** Opening Data shown block **

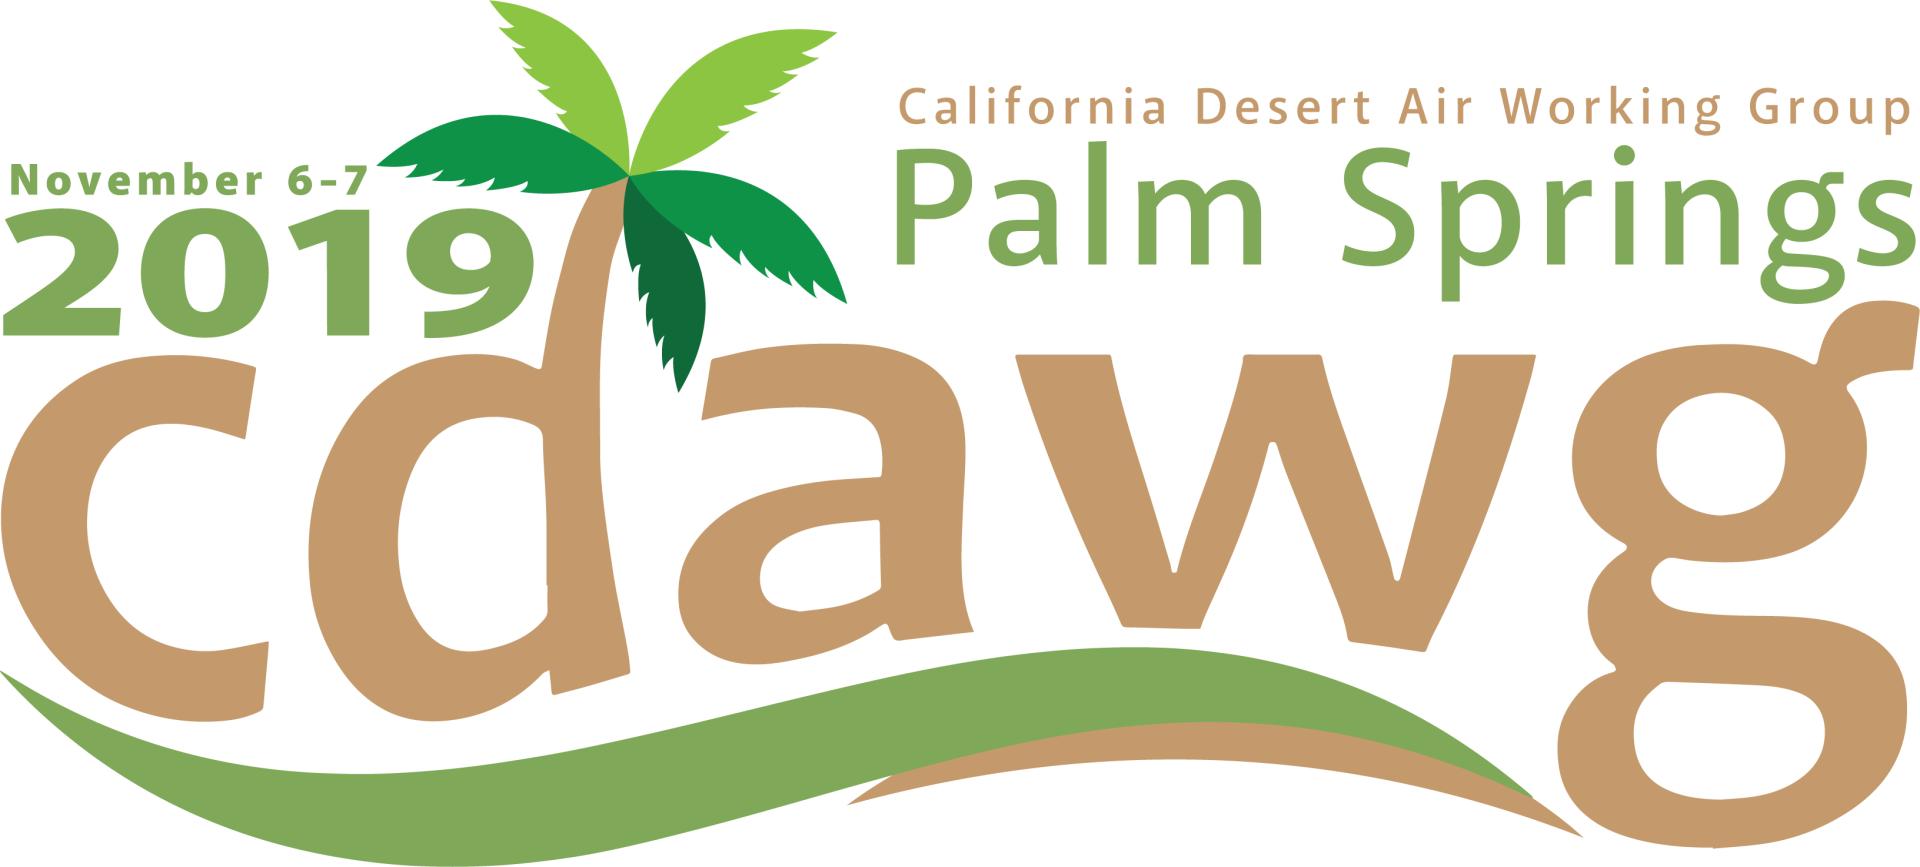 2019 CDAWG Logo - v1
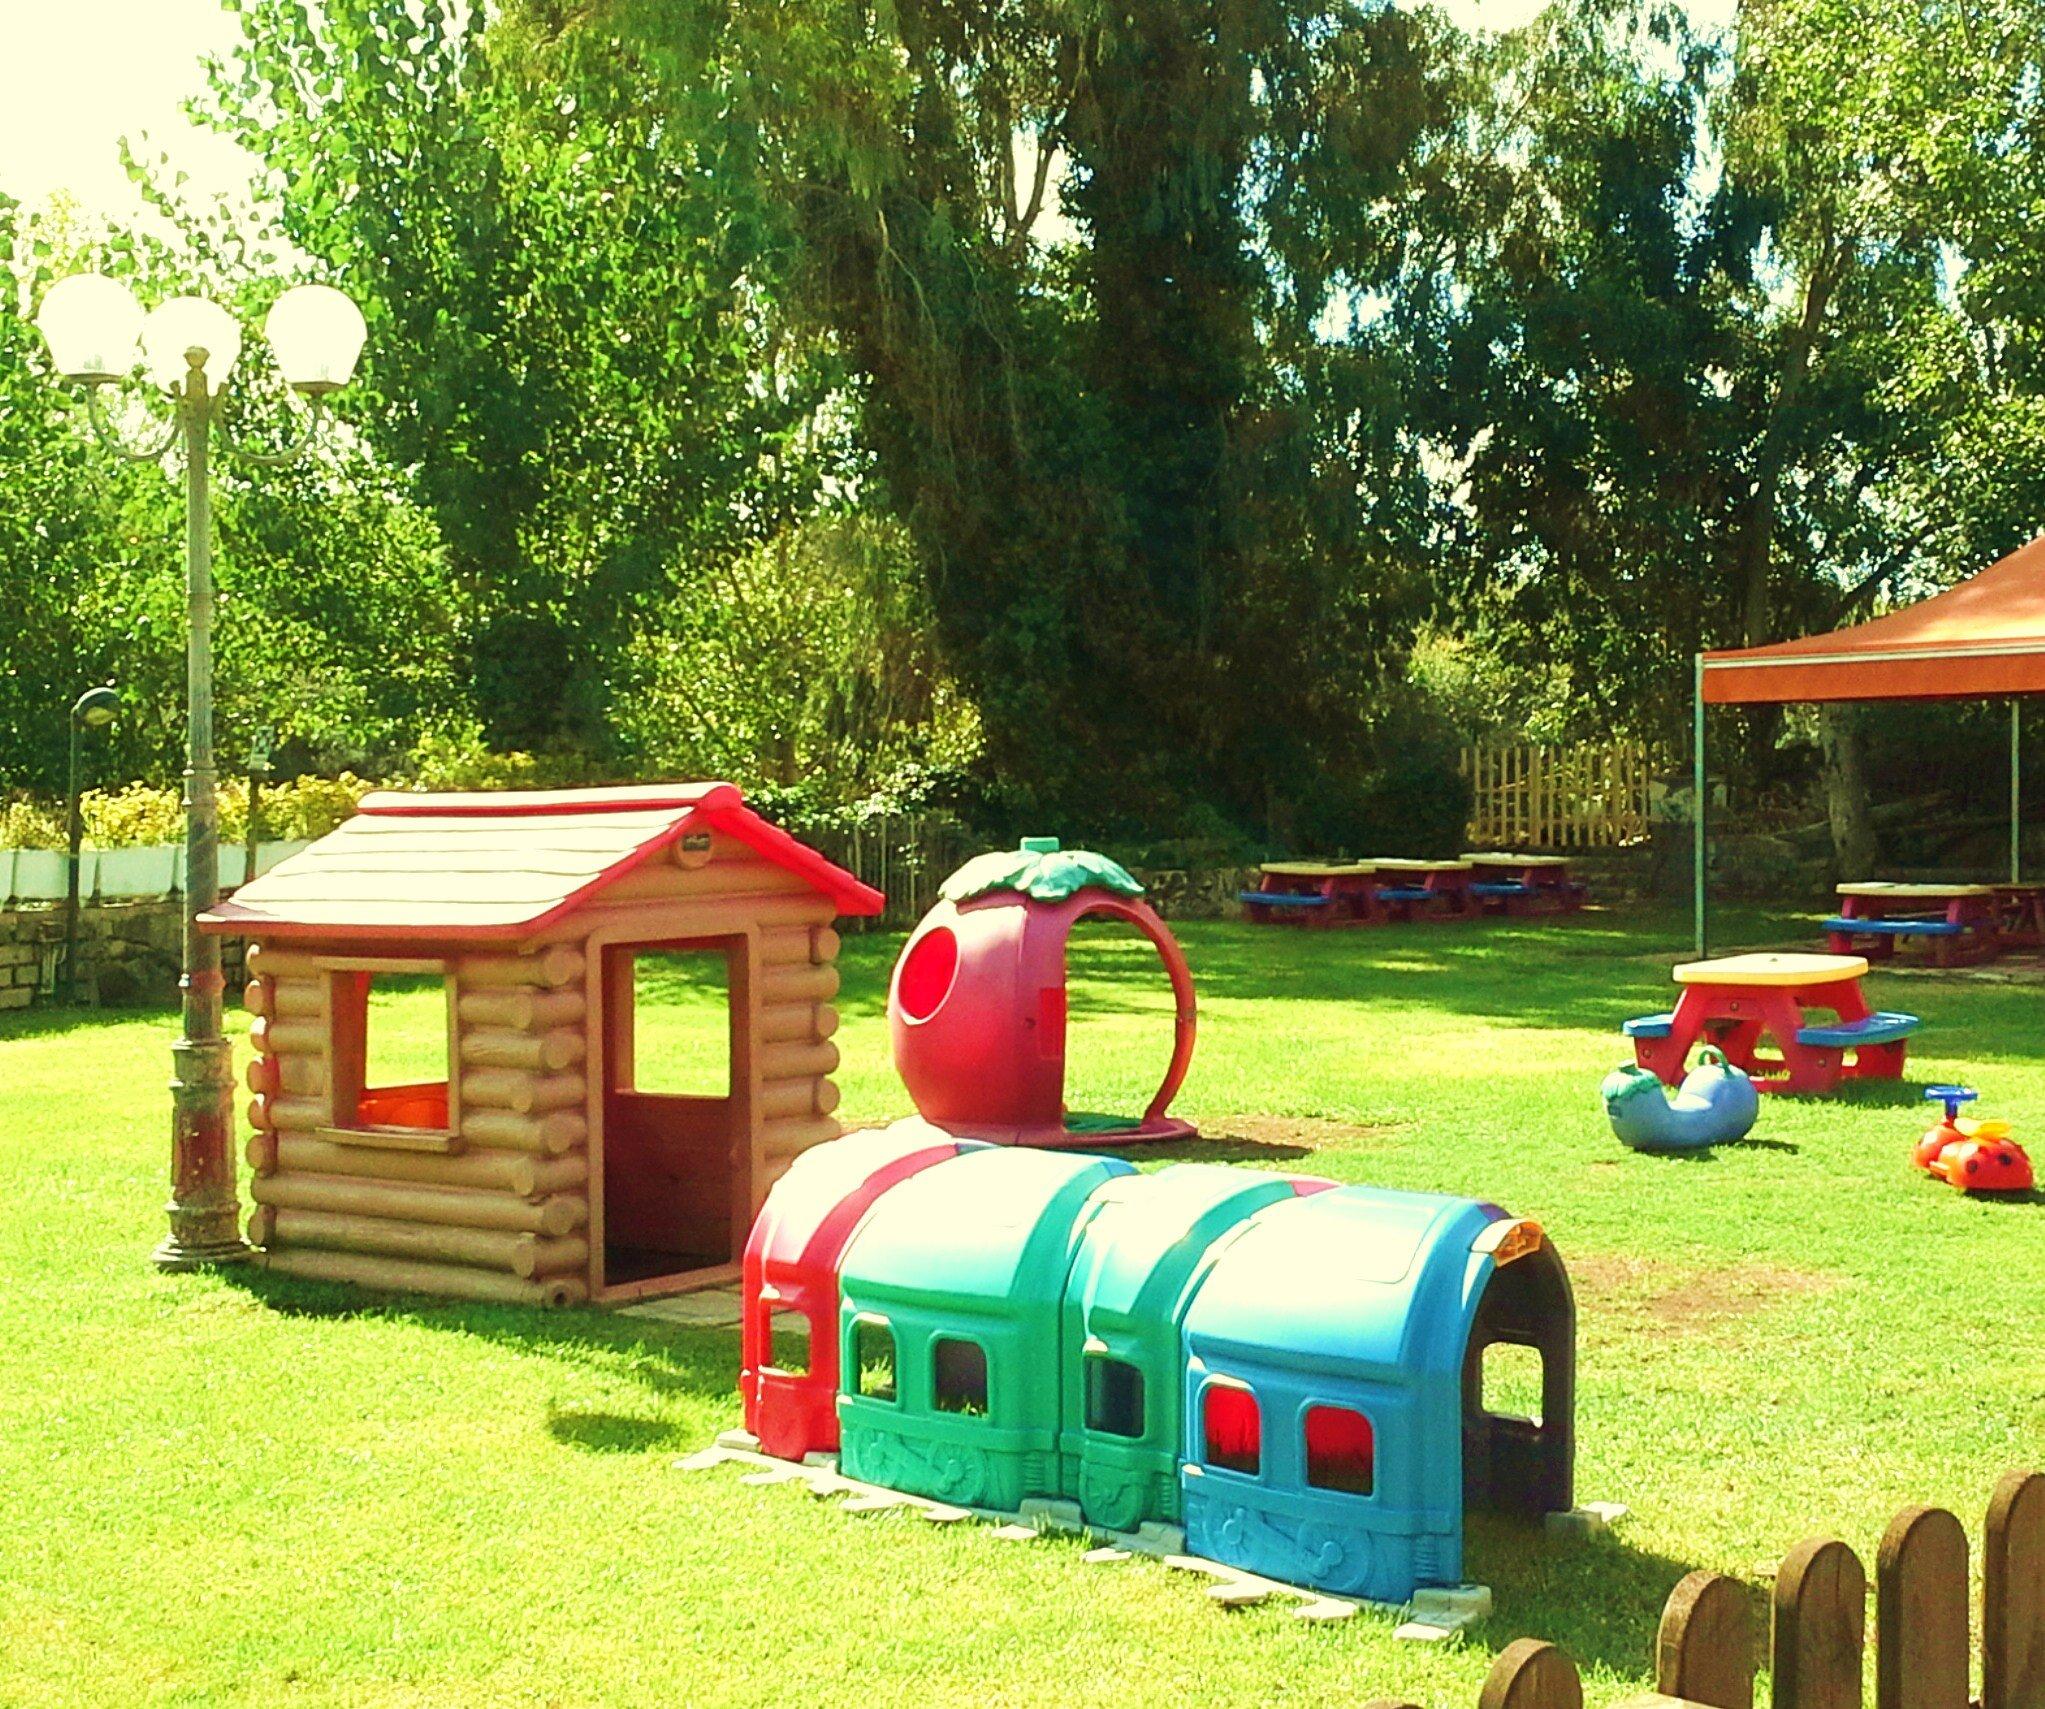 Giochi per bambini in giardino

** Closing Data shown block **
** Opening Data shown block **

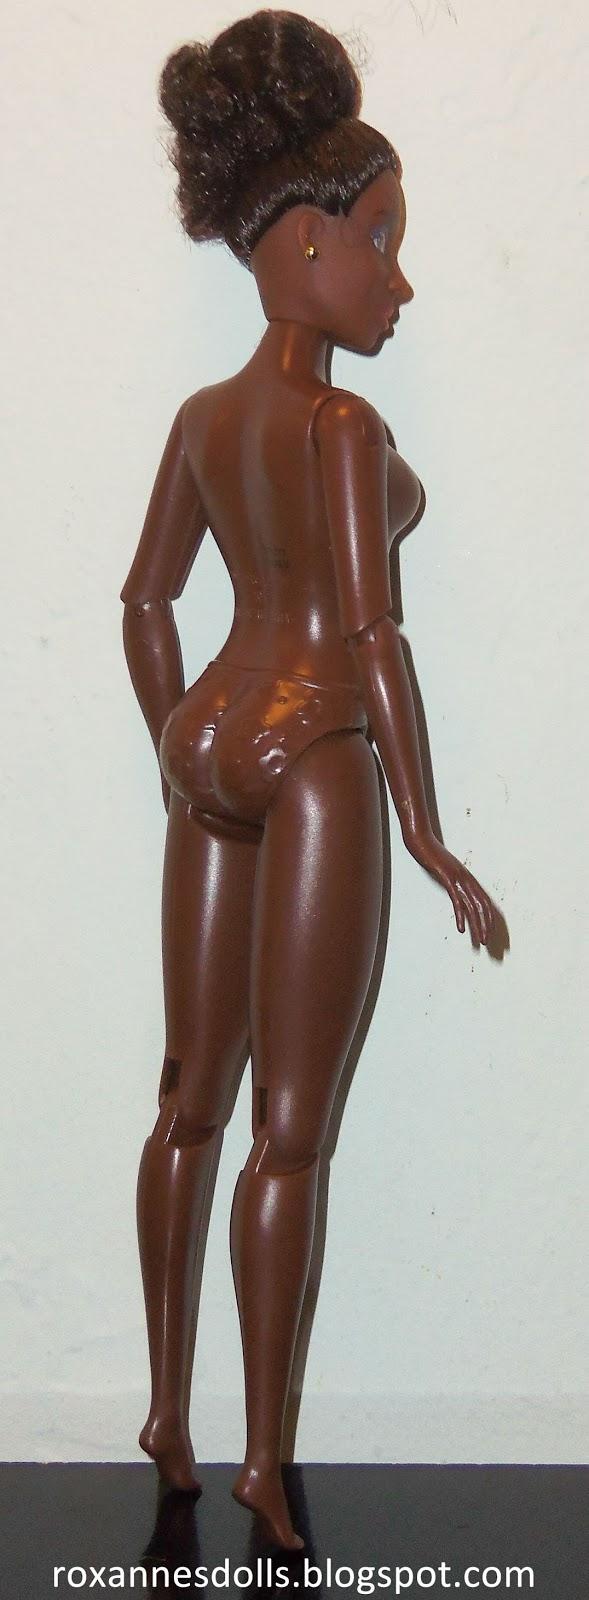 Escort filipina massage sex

** Closing Data shown block **

Problem to work on: Repeat the lines above exactly, beginning with the one containing "2019 CDAWG Logo - v1" and finishing with the one containing "Giochi per bambini in giardino". No pictures belong in the copy.

Result:
 2019 CDAWG Logo - v1
 Giochi per bambini in giardino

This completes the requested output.